Dee, I must respectfully disagree with your assertion that you won't find the breeding stock of showline dogs at the Seiger show. I submit to you that you take that 10 percent of the showlines that you say are actively working and ask to see their pedigree. I will bet you a dollar to a donut that the pedigree of these dogs are the exact same dogs that are in the Seiger show. If that is the case then the "BREEDING STOCK" of these dogs you attest to are the same as the dogs in the Seiger show. You just happen to be looking at the 10 percent that works. Now who is going to go to get a dog to work from breeding stock that produces 10 percent work. Same genetics there!! All you can say is those dogs themselves will work, but as breeding stock they produce the same thing that they are made up of and that is the same dogs that are at the Seiger shows.


----------



## GSDextrodinaire (Dec 15, 2002)

Clifton,

I LOVE it when you call me on my comments! You really make me think and delve deeper to make my point. Thanks! BTW love the dollar to donut bet.

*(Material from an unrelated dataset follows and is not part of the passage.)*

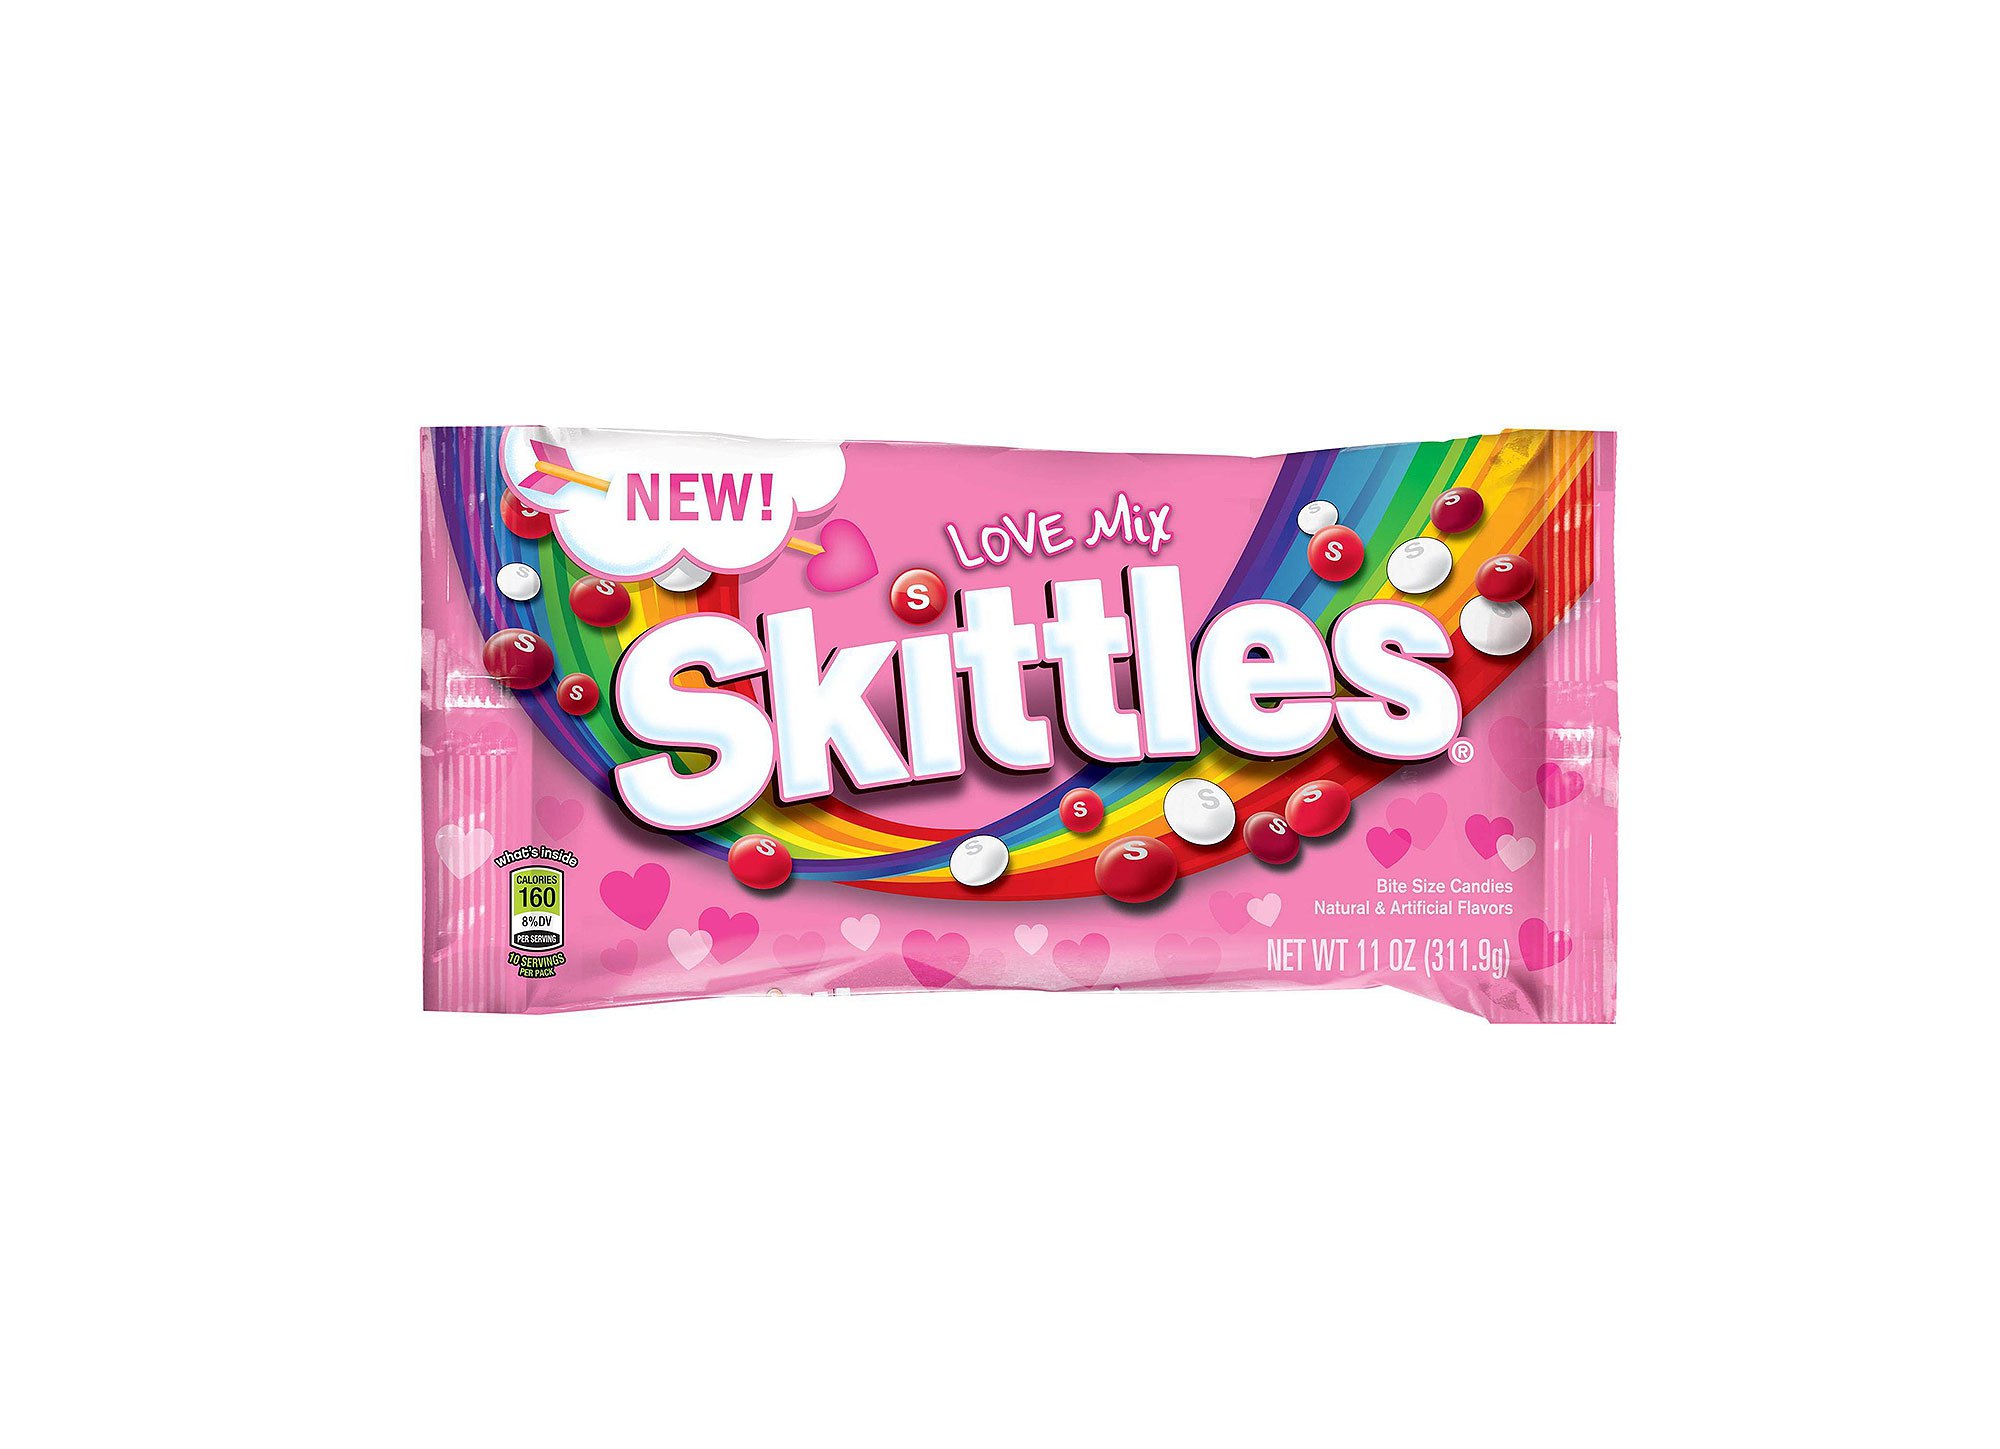 Skittles Just Released a New 'Love Mix' for Valentine's Day | PEOPLE.com

What I was trying to say, and guess I failed is ...that if someone is looking for breeding stock and the only place you are looking is a sieger show, what you see is not a good basis for making a breeding decision. Based on my experience as an observer at a sieger shows, very rarely do I see a dog either in the ring or in the performance test that makes me say, "WOW! that's a dog I can see breeding to my females." This is because I don't base my breeding plans on the outcome of a dog's performance at a sieger show. If I like a dog, then I want to see how that dog really works. I want to see it in a trial, I want to see the scorebook, and sadly, that doesn't happen with a lot of the dogs that are "ranked" high in conformation. 

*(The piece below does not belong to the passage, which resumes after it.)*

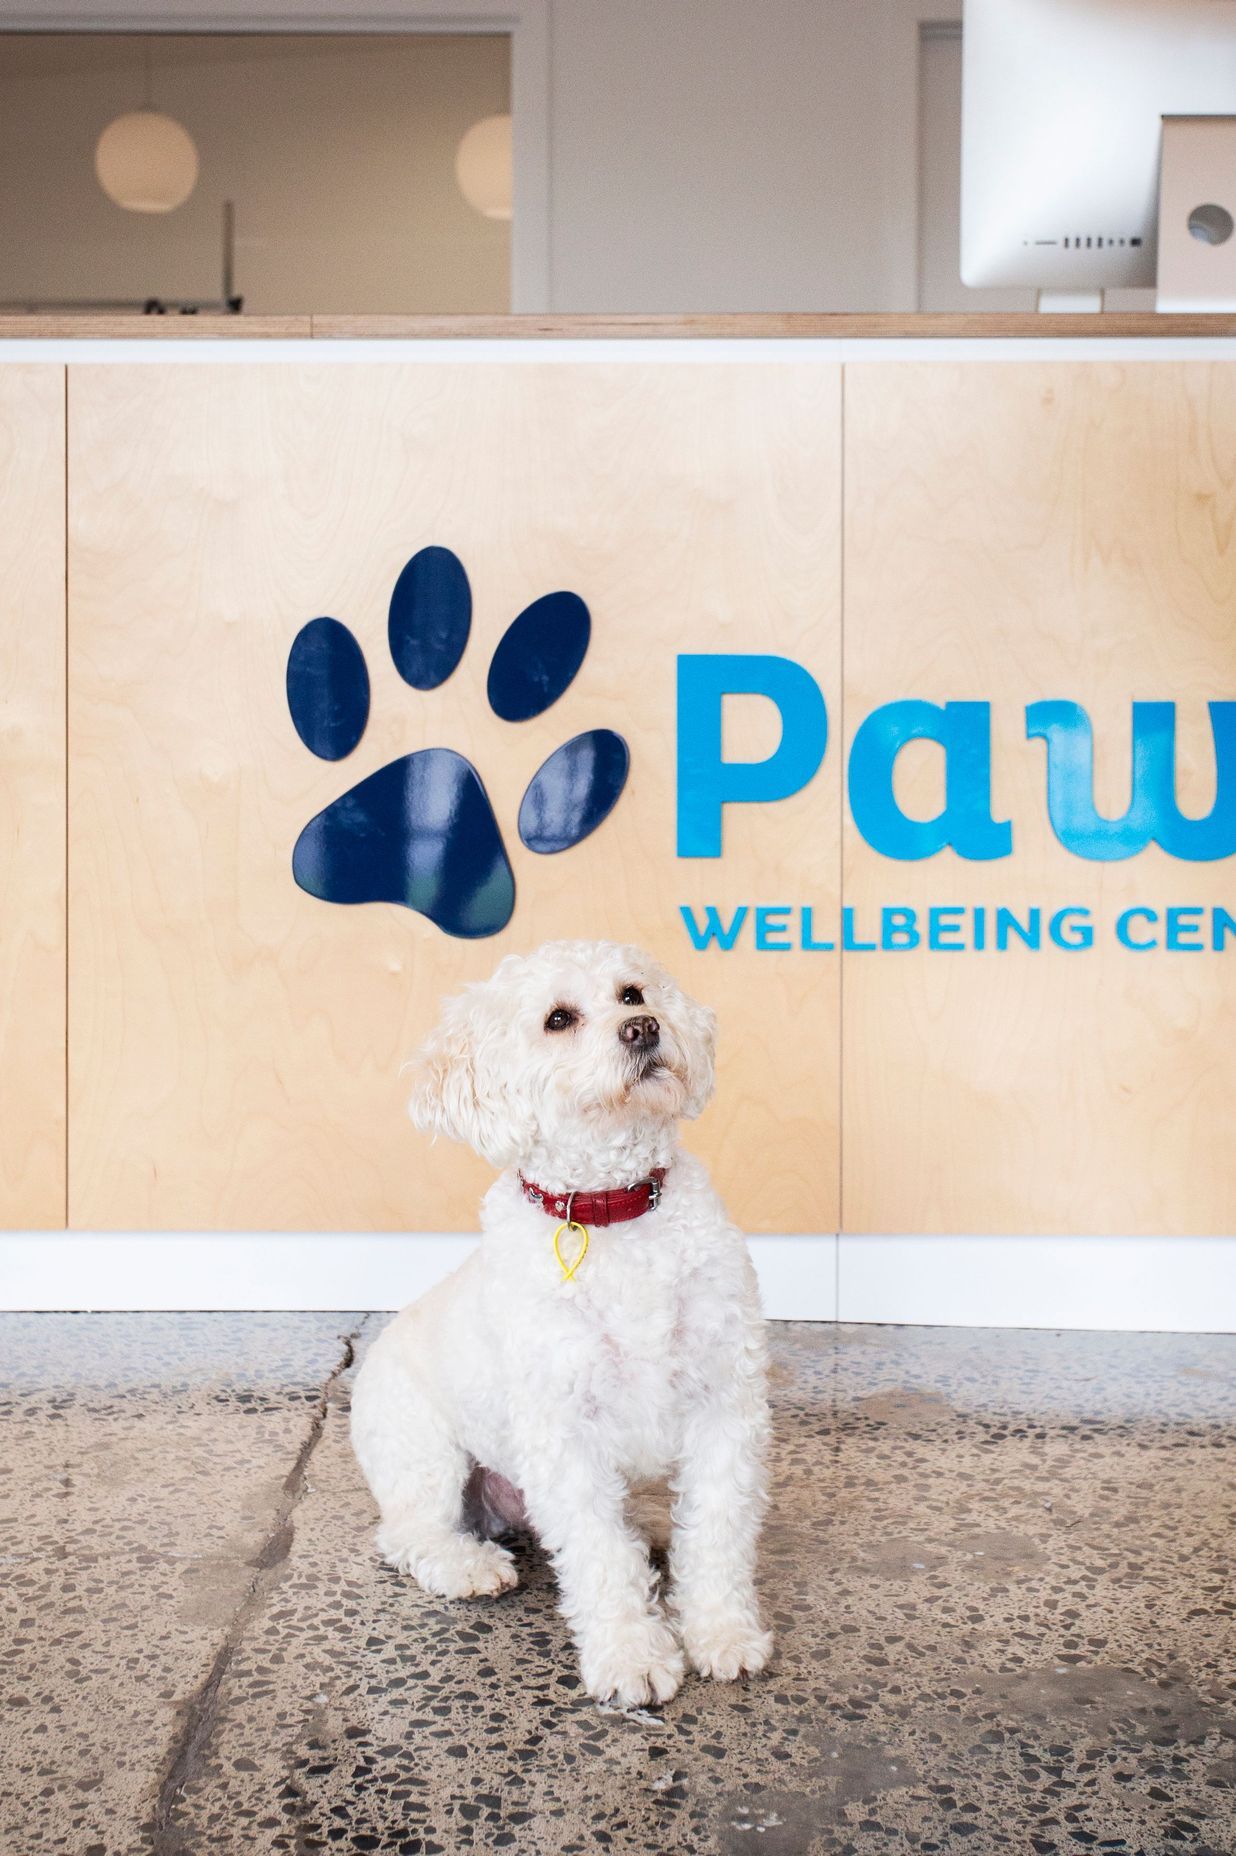 Paws Wellbeing Centre

Your comment about same genetics is very true. That's where it is important to know if the dog's courage and grip behavior is a training issue or that the dog just doesn't have heart. Or does the dog have the heart and just happened to be rushed through titles. 

Again, the problem lies in breeders paying more attention to the outcome of the ring and not close enough attention to the heart of the dog. JMO


----------



## cliffson1 (Sep 2, 2006)

Dee, first I want to commend you for being able to have dialogue without becoming defensive. That's a pleasure. As for your comments, where we part ways is on owning vs breeding in terms of training or lack of heart being important in showlines. If you are talking about owning a good showline that works it is very important to assess whether the dog's strength is natural or training. As far as breeding showlines, until you have showlines that have added bloodlines that are different from what you see in the Seiger show, then you can't comfortably breed to any of them without probably getting the same dismal results. The genes are all the same! Showlines have to introduce new bloodlines unrelated to past 30 years or you cannot reasonsibly breed these dogs and expect uniformity of temperament. And after all, if anything should be consistent in a litter it should be temperament. We can't all be pretty, but we can have very high percent of character.


----------



## Liesje (Mar 4, 2007)

Cliff can I ask you a question about genetics? How far back do genes effect a dog? For example say there is a dog that is weak in one or more areas and it is considered "genetic" weakness. Say the dog has several dogs in the 3 or 4-gen pedigree that are known to be good dogs, well used and even line-bred on. If this dog is considered genetically weak, does that reflect poorly on these more popular dogs, or only the parents, or....? I'm not talking showlines, just in general. Hopefully this is not too off topic, I've just been meaning to ask people who know a lot about genetics. The reason I ask is b/c so often we hear/read that good work and good temperament is simply genetic (not disagreeing). But what about the dog from all the dogs who are supposed to be genetically sound that turns out poorly? Is that a fluke? So often I see dogs being promoted based on the good dogs 3, 4, 5 gens back in the pedigree, and then I see a dog that is not sound at all with these same dogs. Is it just a bad combination of sire/dam? If so, then how come when a great combination exists it seems to be further attributed farther back in the pedigree? 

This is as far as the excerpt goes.